Conjoint Experiment Diagnostics
Instructions
Work through each section below for the conjoint study under review. Assess whether the study addresses each item adequately, partially, or not at all. Flag items that pose threats to inference and prioritize recommendations by severity.
If provided with R scripts or data, inspect the actual implementation, not just what the paper claims. Check for discrepancies between described and implemented methods.
1. Design Diagnostics
1.1 Attribute and Level Selection
- Are attributes conceptually distinct and non-overlapping?
- Are levels realistic and mutually exclusive within each attribute?
- Is the number of attributes justified? (Bansak et al. 2021 PSRM: attributes can scale with modest satisficing, but each additional attribute adds cognitive load)
- Are there "dominant" attributes that might crowd out attention to others?
- Do the attribute levels span a meaningful range of the construct of interest?
1.2 Profile Restrictions
- Are implausible or contradictory attribute combinations allowed?
- If restrictions are imposed, are they documented and justified?
- If no restrictions, does the paper acknowledge potential odd profiles? (Bansak & Jenke 2025: odd profiles have minimal impact on first-order inferences, but should be acknowledged)
1.3 Number of Tasks and Satisficing
- How many tasks per respondent? (Bansak et al. 2018: up to 30 tasks with limited satisficing)
- Are attention checks embedded?
- Is there evidence of survey fatigue or satisficing in later tasks? (e.g., declining response time, increased randomness)
1.4 Randomization
- Is attribute-level assignment fully randomized (uniform distribution)?
- If non-uniform, is this justified and documented?
- Are profile-pair attributes independent or dependent? (Clayton et al. 2023 distinguish independent, dependent, and pair-level attributes)
1.5 Sample and Power
- Is the sample size justified with a power analysis? (Schuessler & Freitag 2020 cjpowR; Stefanelli & Lukac 2020)
- What is the effective sample size (N respondents x T tasks)?
- Are Type S (sign) and Type M (magnitude/exaggeration) errors considered?
- For subgroup analyses, is there adequate power within each subgroup?
2. Estimation Diagnostics
2.1 Estimand Clarity
- Verify the estimand is clearly defined (AMCE, MM, AMIE, or pAMCE) and the choice is justified.
- Check whether AMCEs are interpreted with awareness that they depend on the attribute distribution used for averaging (Hainmueller et al. 2014).
- Check whether MMs are used where reference-category-free comparisons are needed (Leeper et al. 2020).
2.2 Reference Levels
- Are reference levels clearly specified and substantively meaningful?
- Are AMCEs interpreted relative to the correct reference category?
- For subgroup comparisons, is the reference category consistent across groups? (Leeper et al. 2020: conditional AMCEs are sensitive to reference choice)
2.3 Subgroup Analysis
- Are subgroups defined by pre-treatment characteristics (not post-treatment)?

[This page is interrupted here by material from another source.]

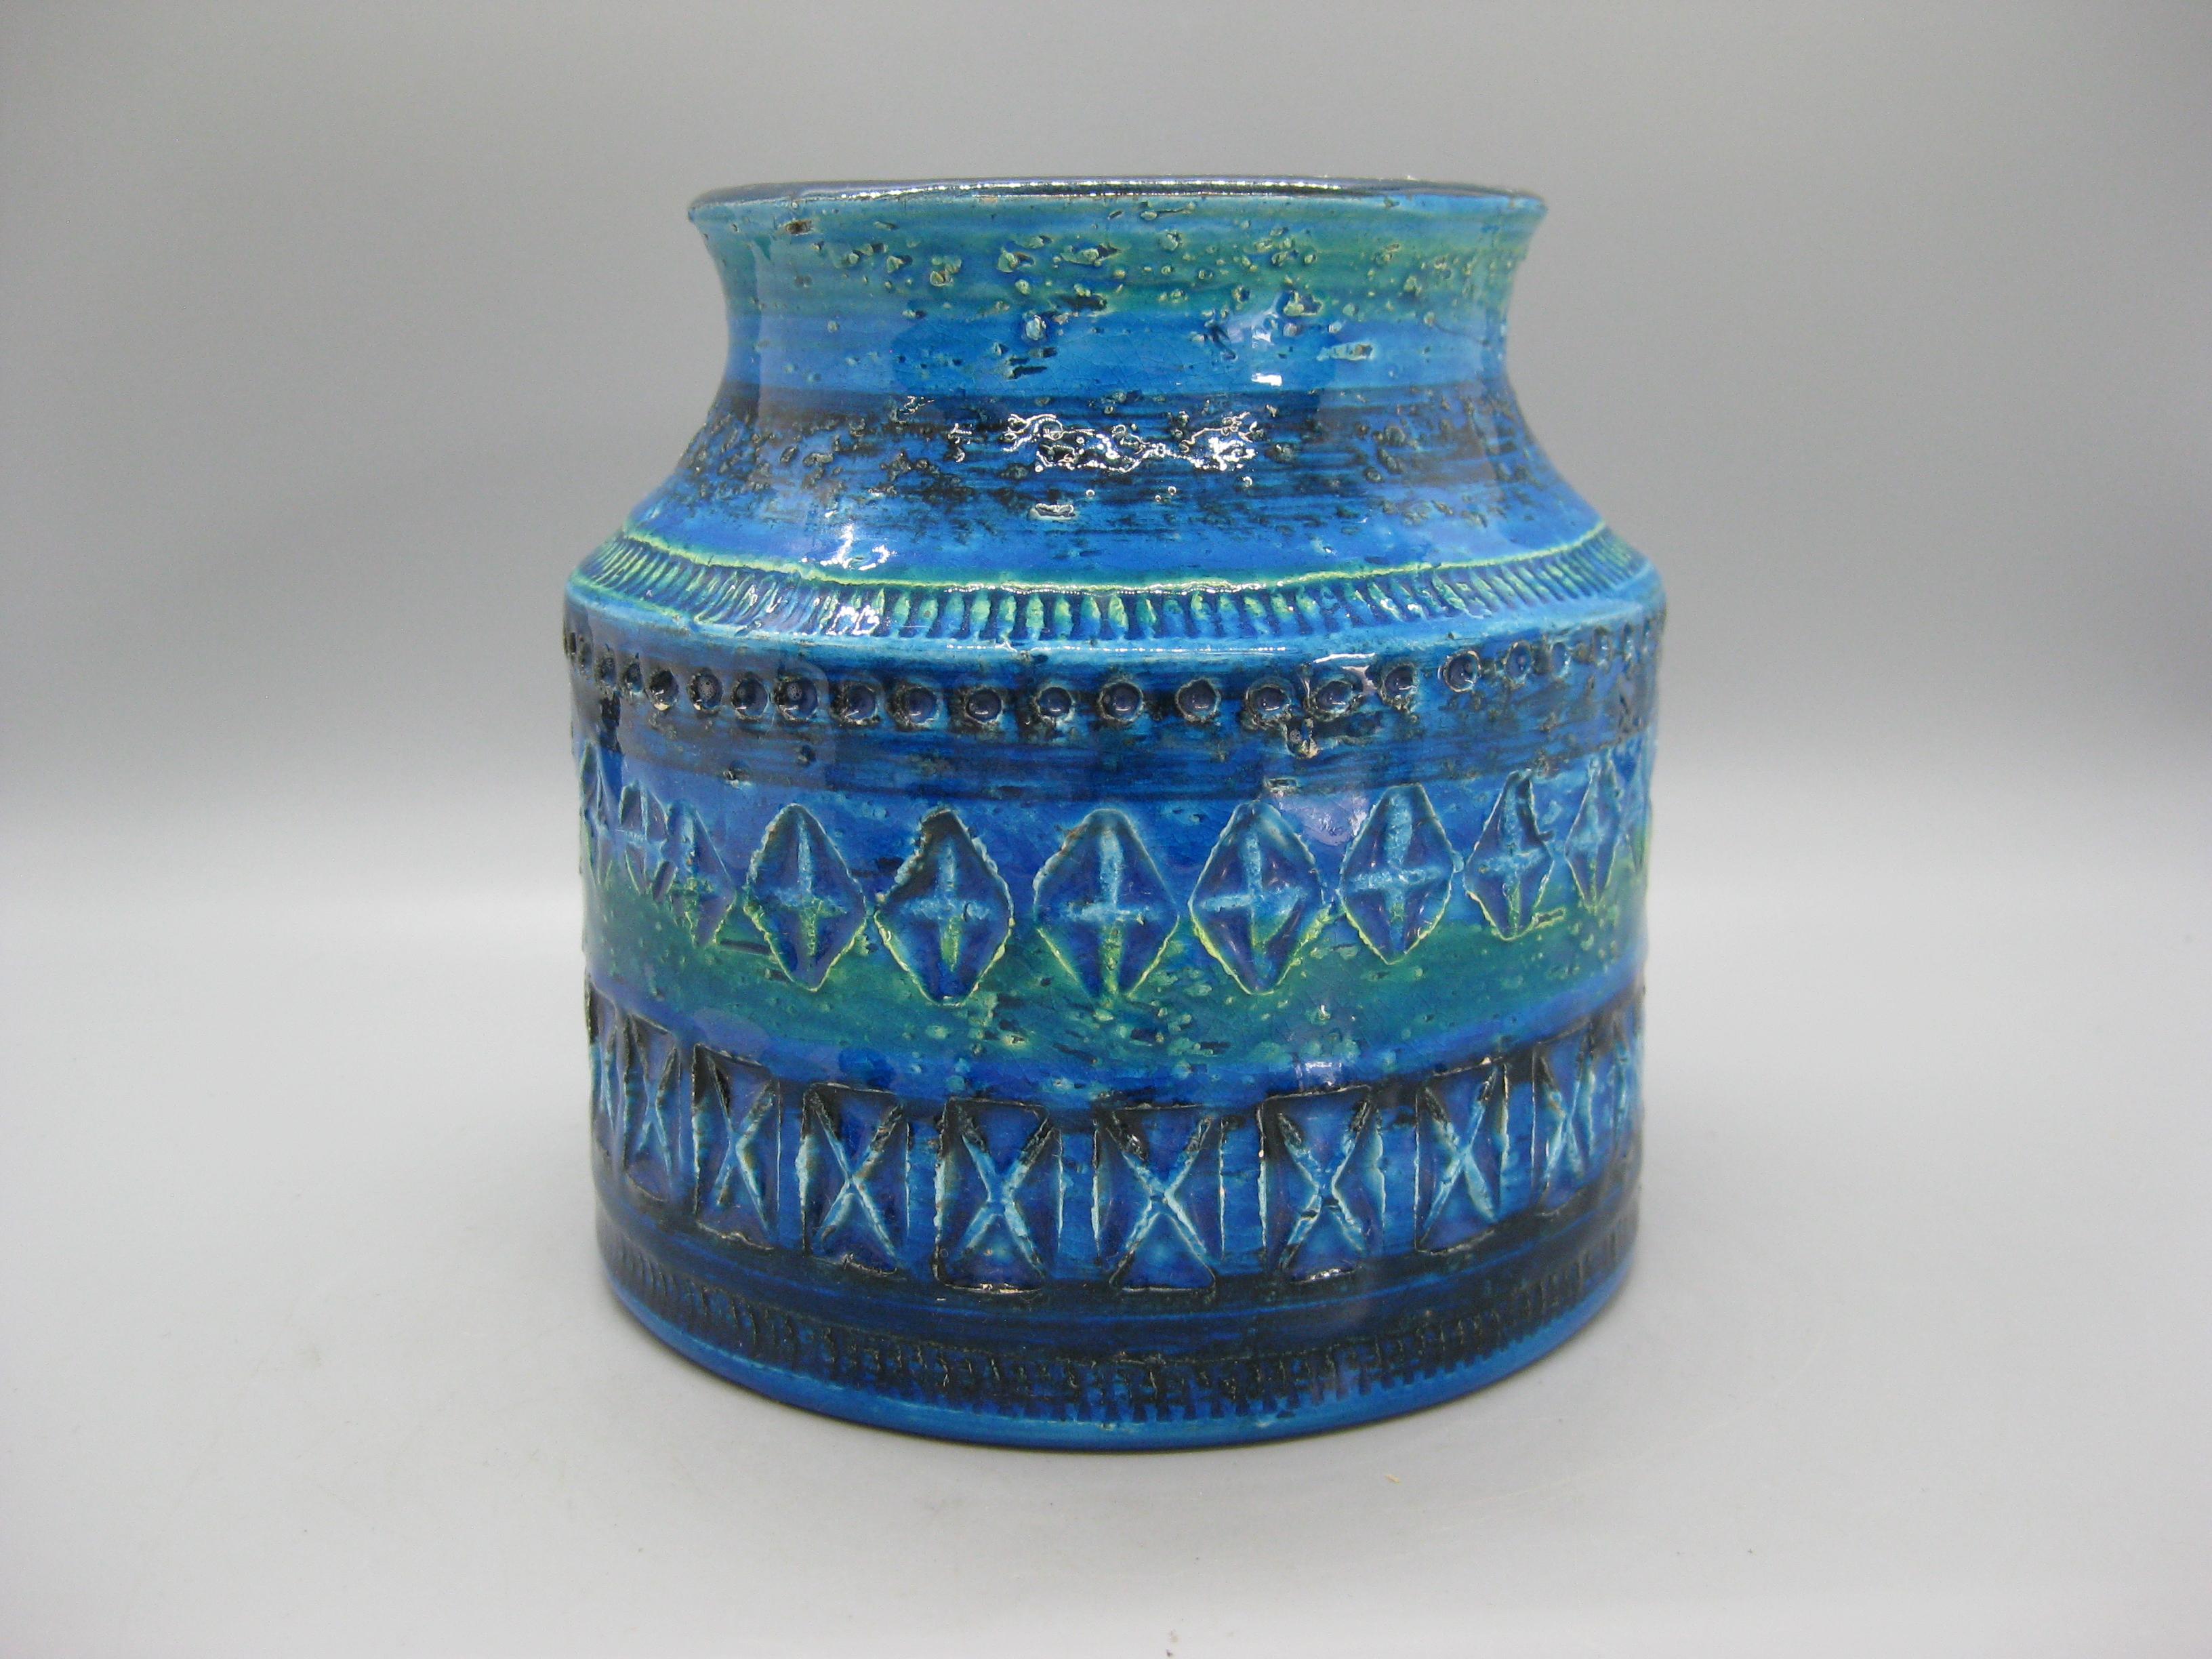 Wunderschöne Vintage Aldo Londi Bitossi Keramik/Keramik Rimini blaue Vase, ca. 1960er Jahre. Sie wurde in Italien hergestellt und ist auf der Unterseite signiert. Scheint nie benutzt worden zu sein. Großartige abstrakte Form und Design. Wunderschöne

- Use marginal means and diff-in-MMs for subgroup comparisons, not conditional AMCEs. (Leeper, Hobolt & Tilley 2020: conditional AMCEs are reference-category dependent and can yield arbitrary subgroup differences)
- Are diff-in-MMs presented alongside MMs for interpretability?
- Is heterogeneity detection systematic or ad hoc? (Robinson & Duch 2024 cjbart; Goplerud et al. 2025 FactorHet)
2.4 Standard Errors and Clustering
- Are standard errors clustered at the respondent level? (Required when T > 1 tasks per respondent)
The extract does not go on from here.